(Information provided Opens)

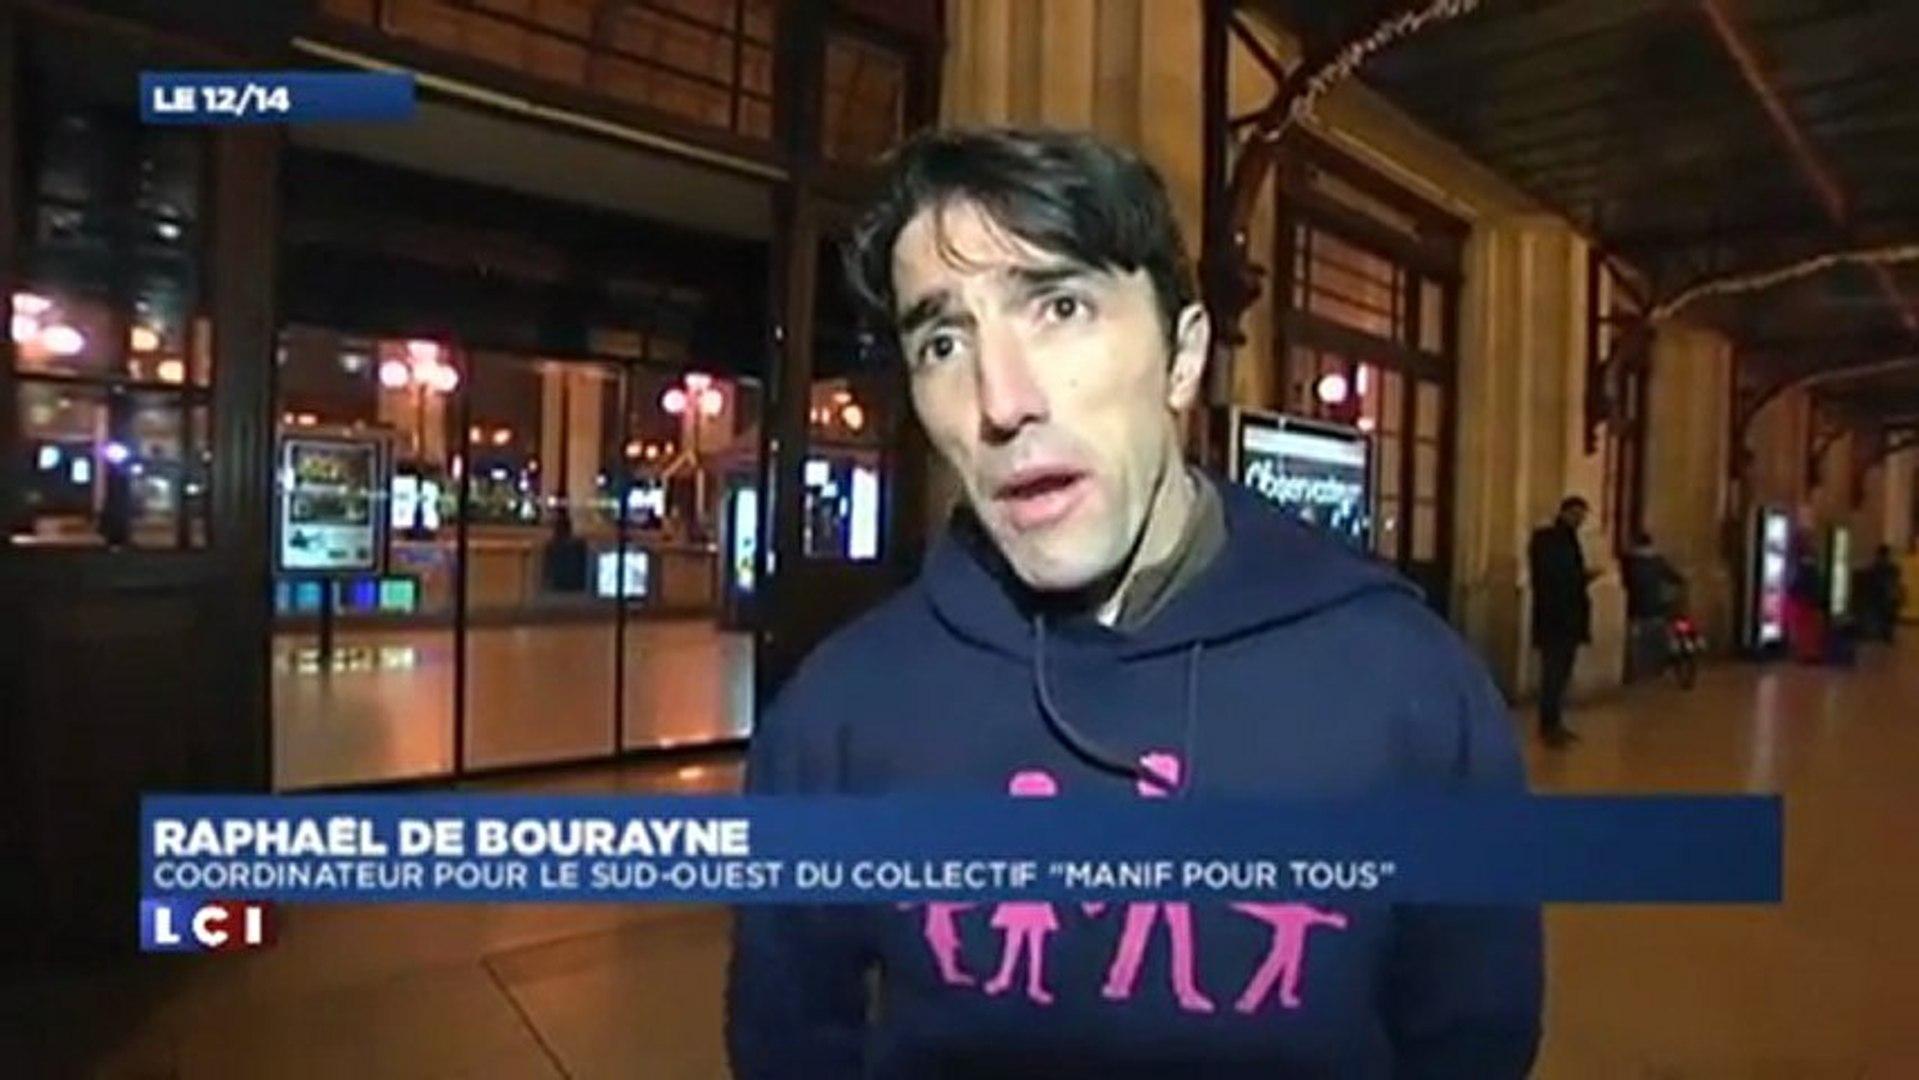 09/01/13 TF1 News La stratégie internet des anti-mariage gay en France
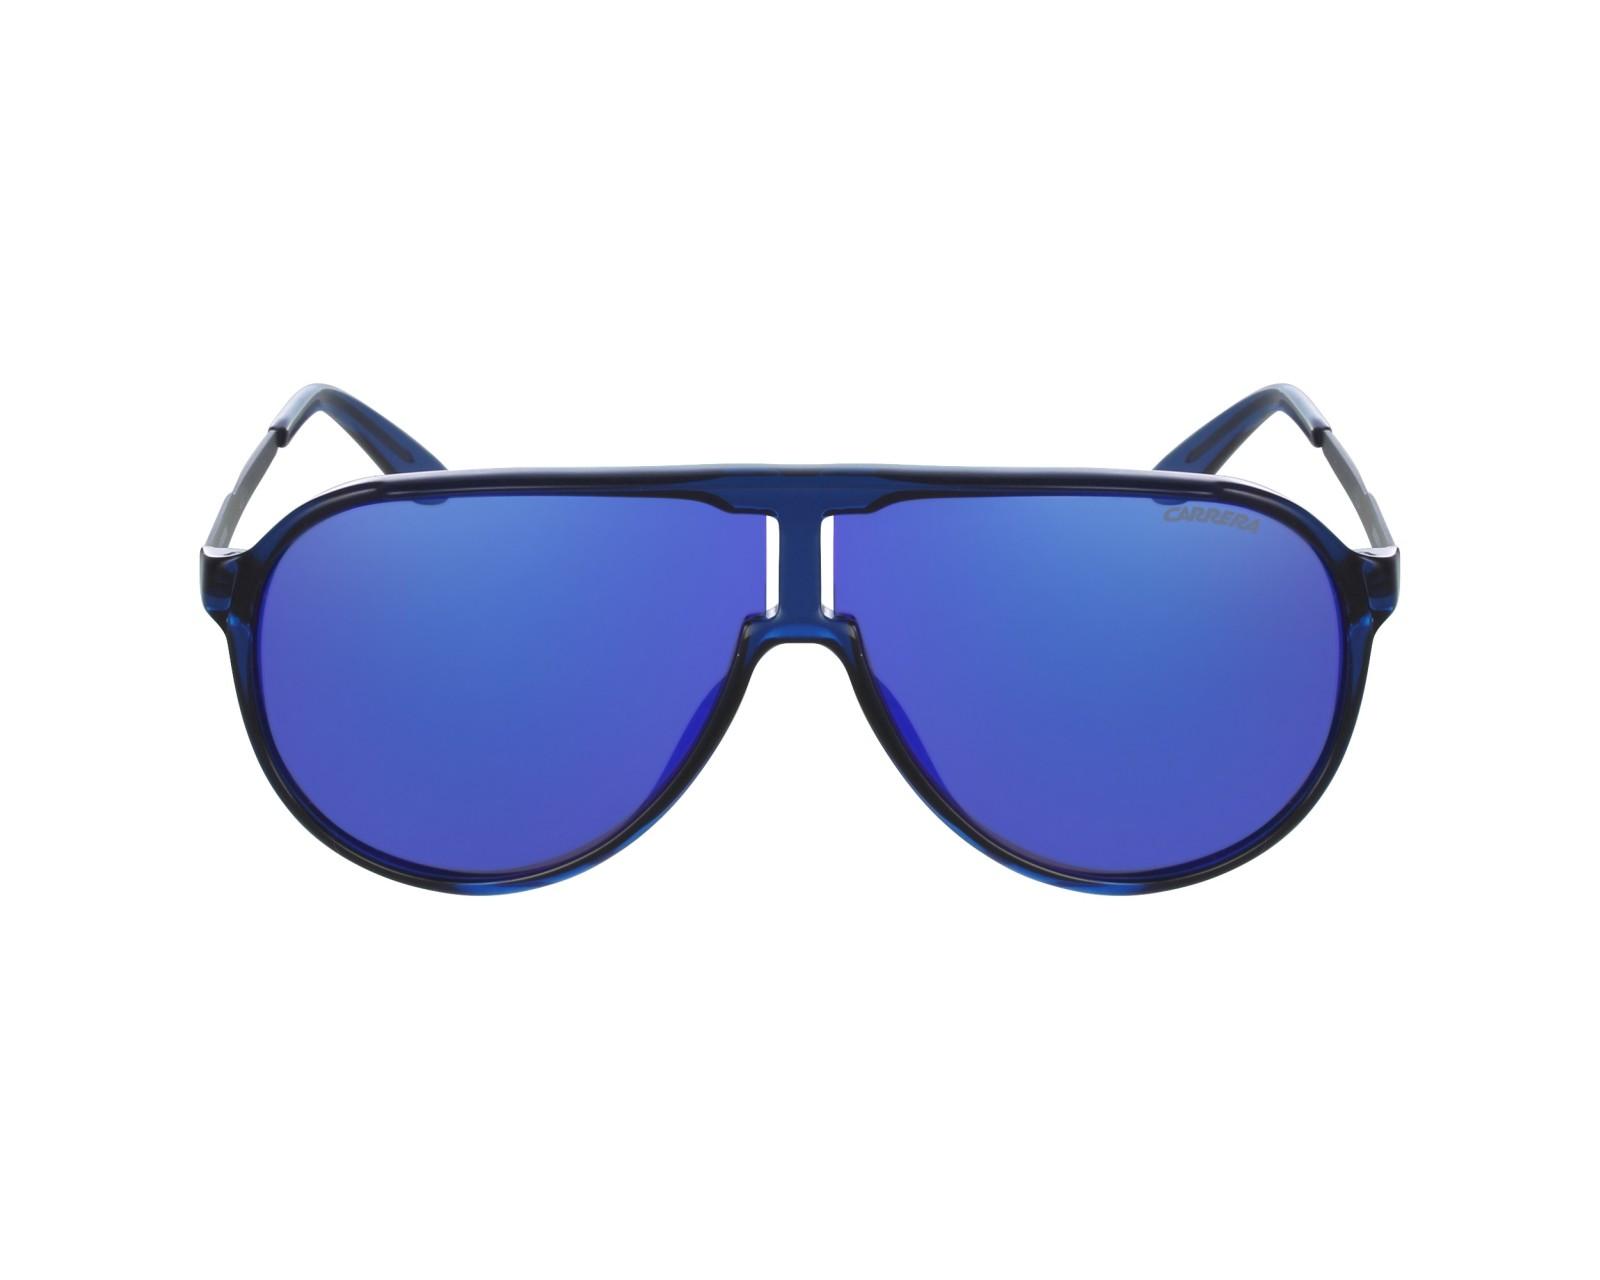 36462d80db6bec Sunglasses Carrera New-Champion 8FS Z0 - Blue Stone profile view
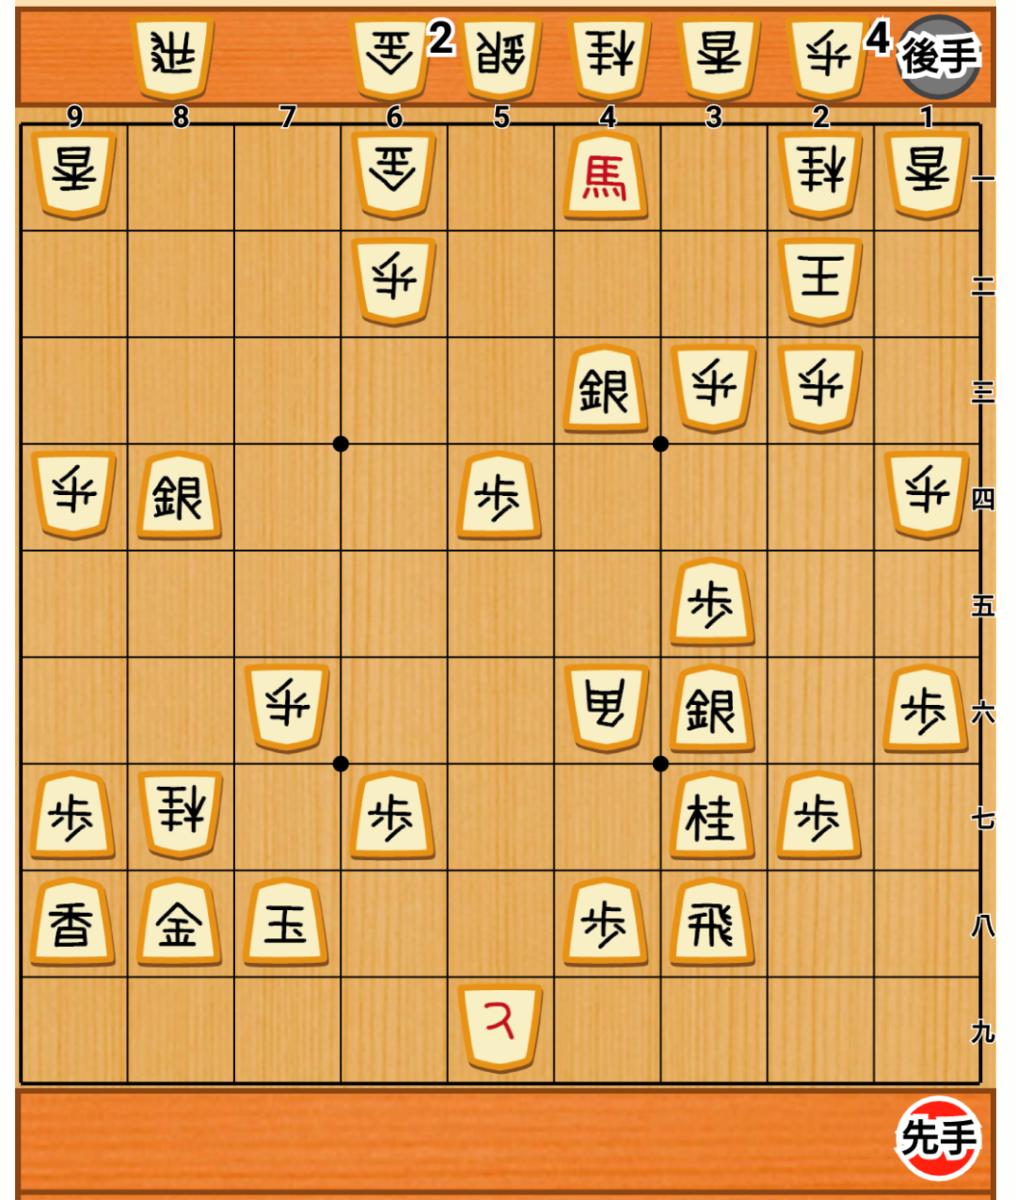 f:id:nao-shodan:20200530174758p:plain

(Information provided Closes)

* Assigned task *
Please restate the data word for word, leaving out any picture it holds.

* Result below *
 09/01/13 TF1 News La stratégie internet des anti-mariage gay en France
 36462d80db6bec Sunglasses Carrera New-Champion 8FS Z0 - Blue Stone profile view
 f:id:nao-shodan:20200530174758p:plain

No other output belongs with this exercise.